> _Problem_
Everything in the data except the pictures belongs in your answer, copied exactly.

> _Data provided_
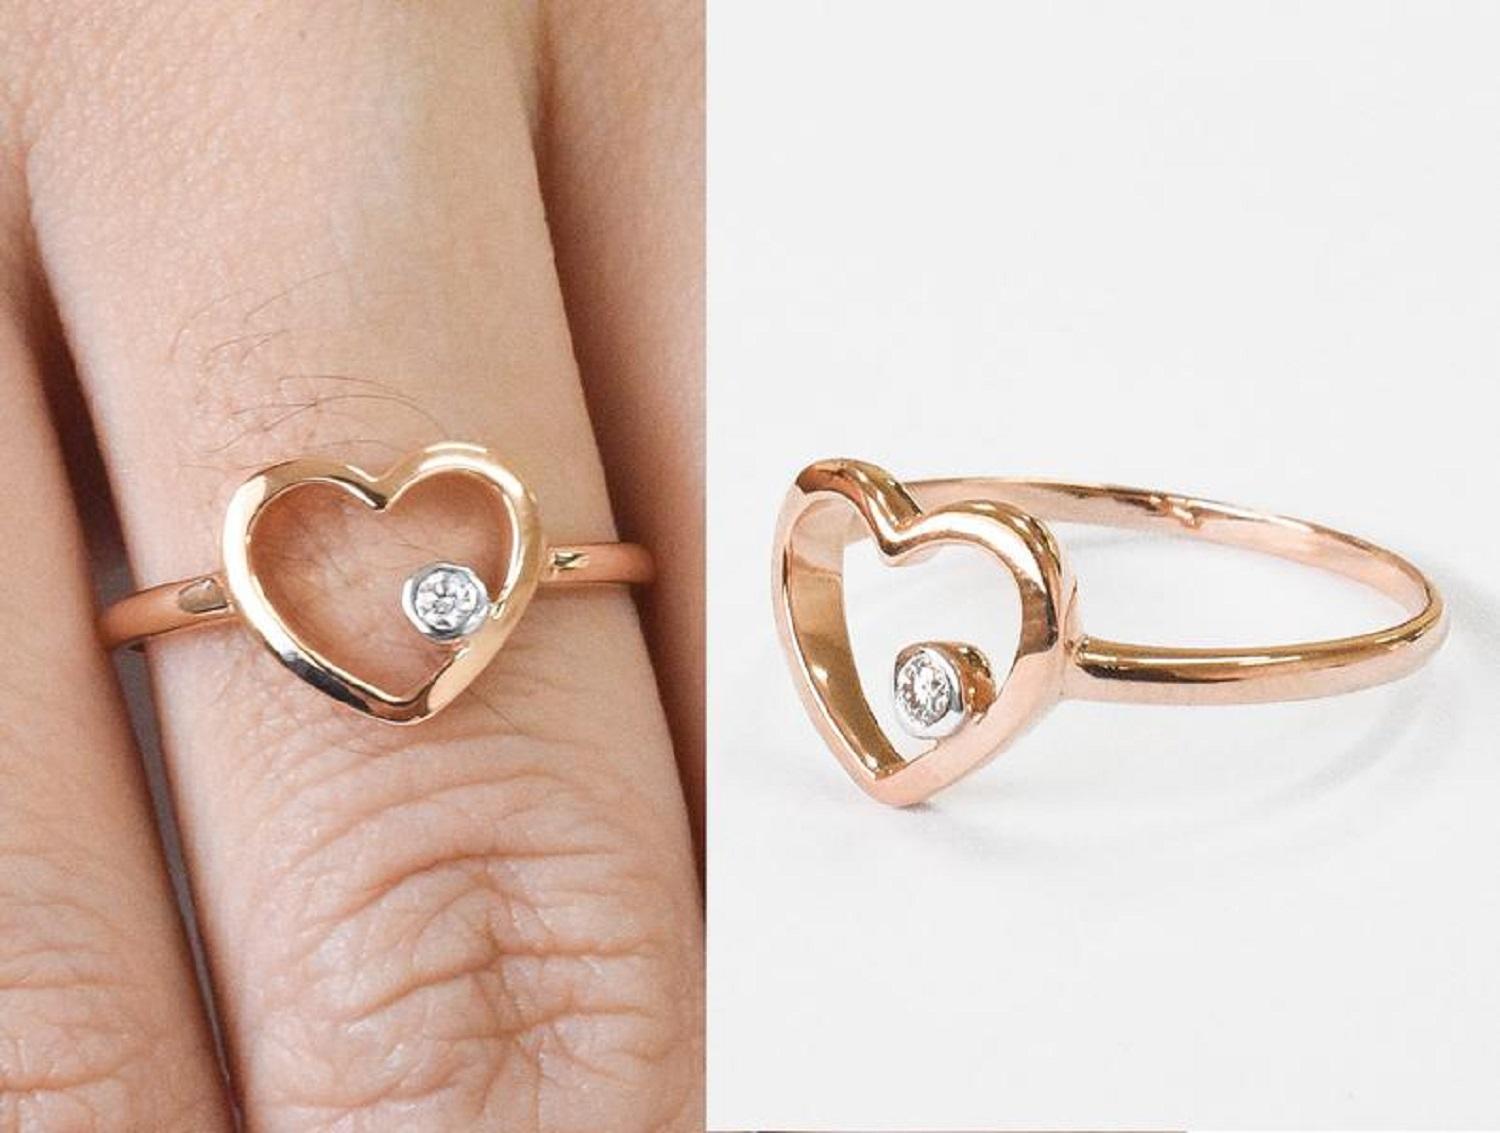 For Sale:  14k Rose Gold Diamond Heart Ring Minimal Heart Ring with Bezel Set Diamond 12
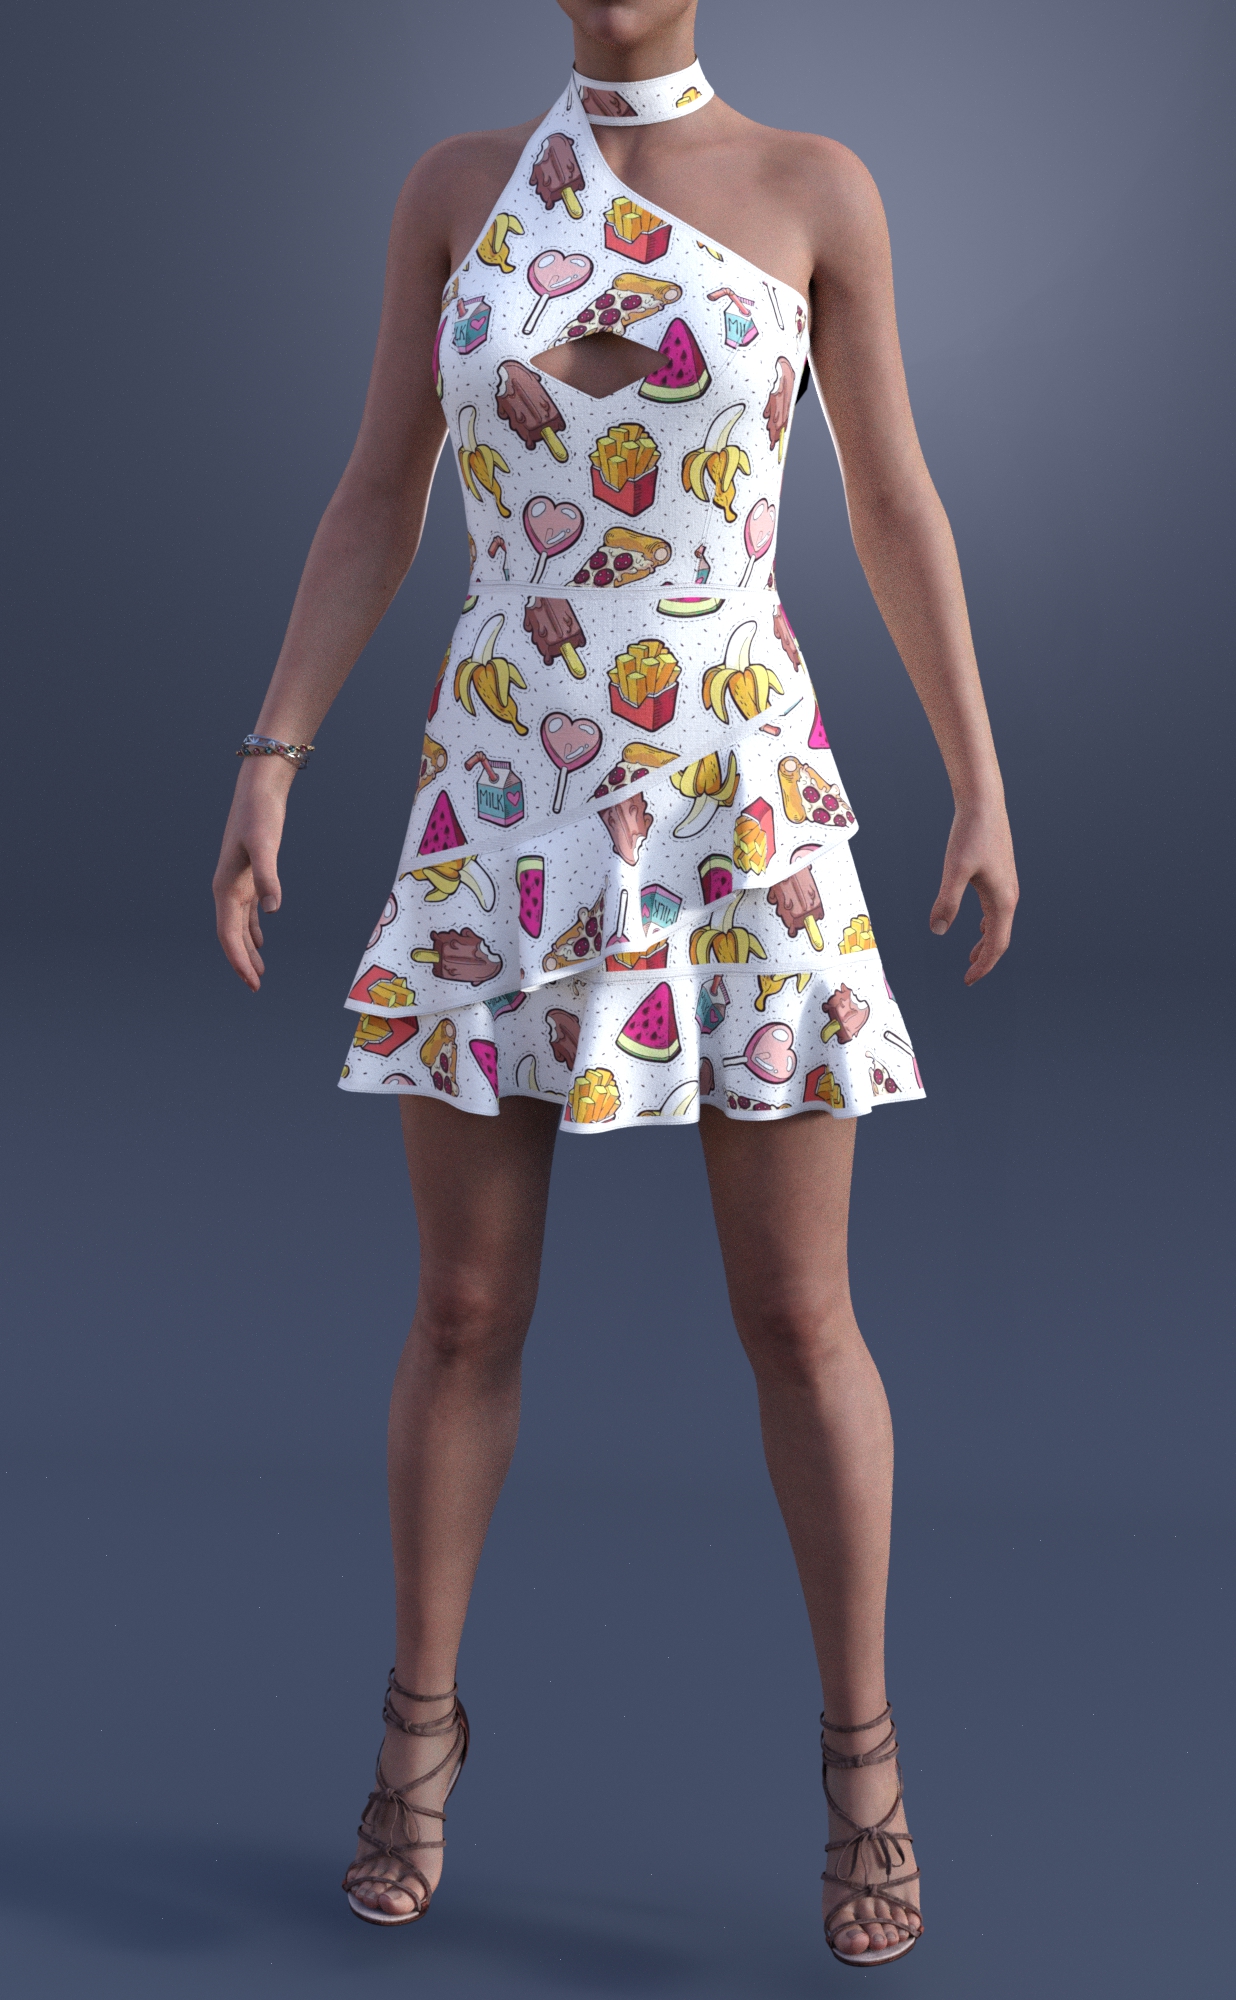 dForce Mollie Candy Dress Textures | Daz 3D
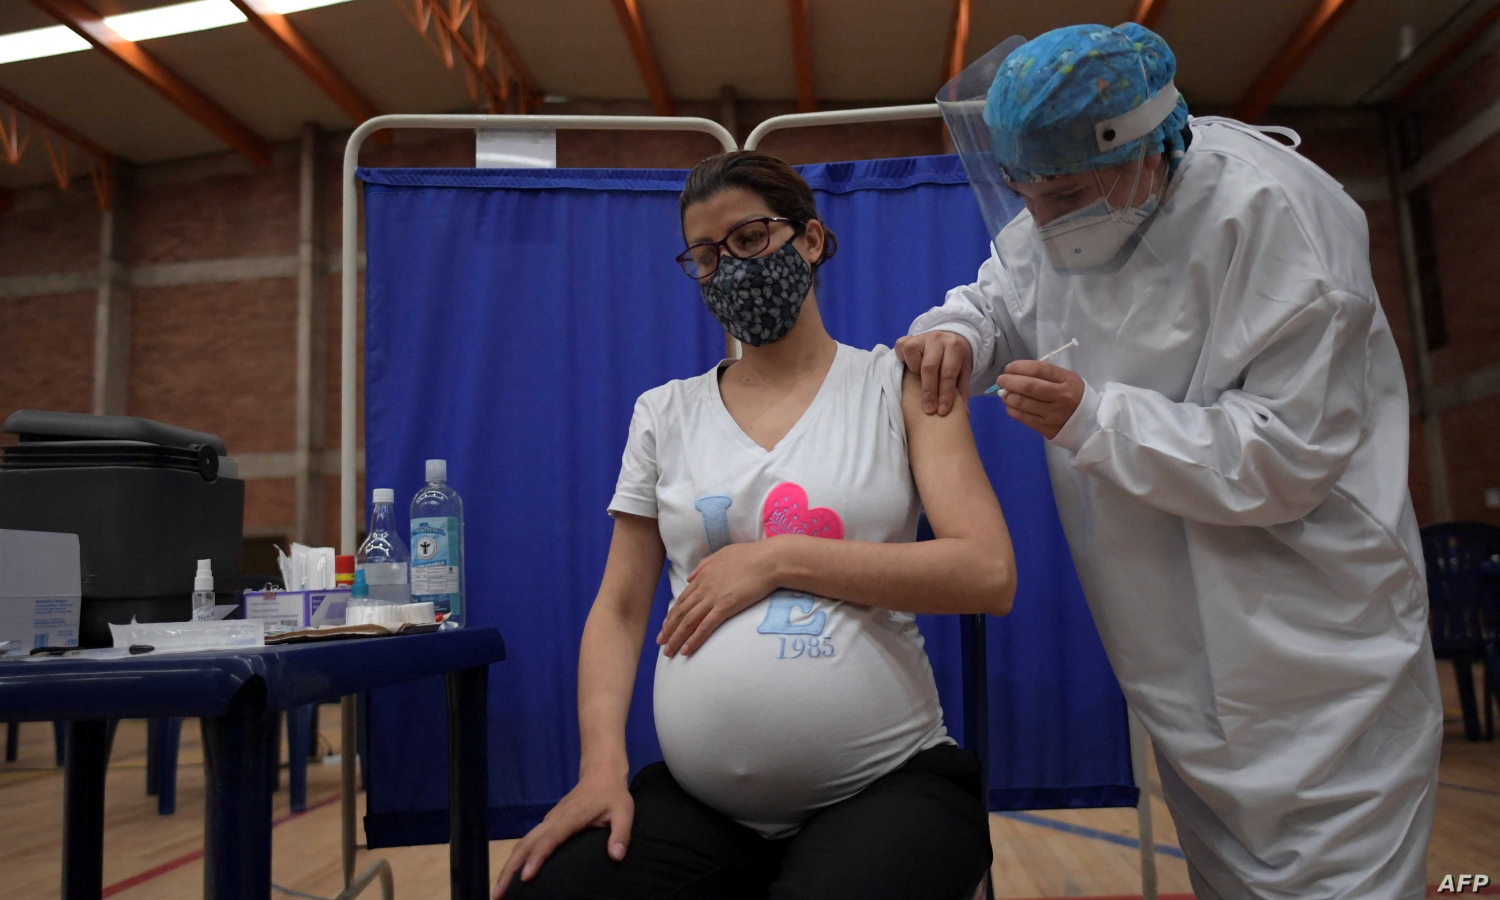 سيدة حامل تتلقى لقاح "كورونا" في أمريكا (AFP)

> _Response area_
 For Sale:  14k Rose Gold Diamond Heart Ring Minimal Heart Ring with Bezel Set Diamond 12
 dForce Mollie Candy Dress Textures | Daz 3D
 سيدة حامل تتلقى لقاح "كورونا" في أمريكا (AFP)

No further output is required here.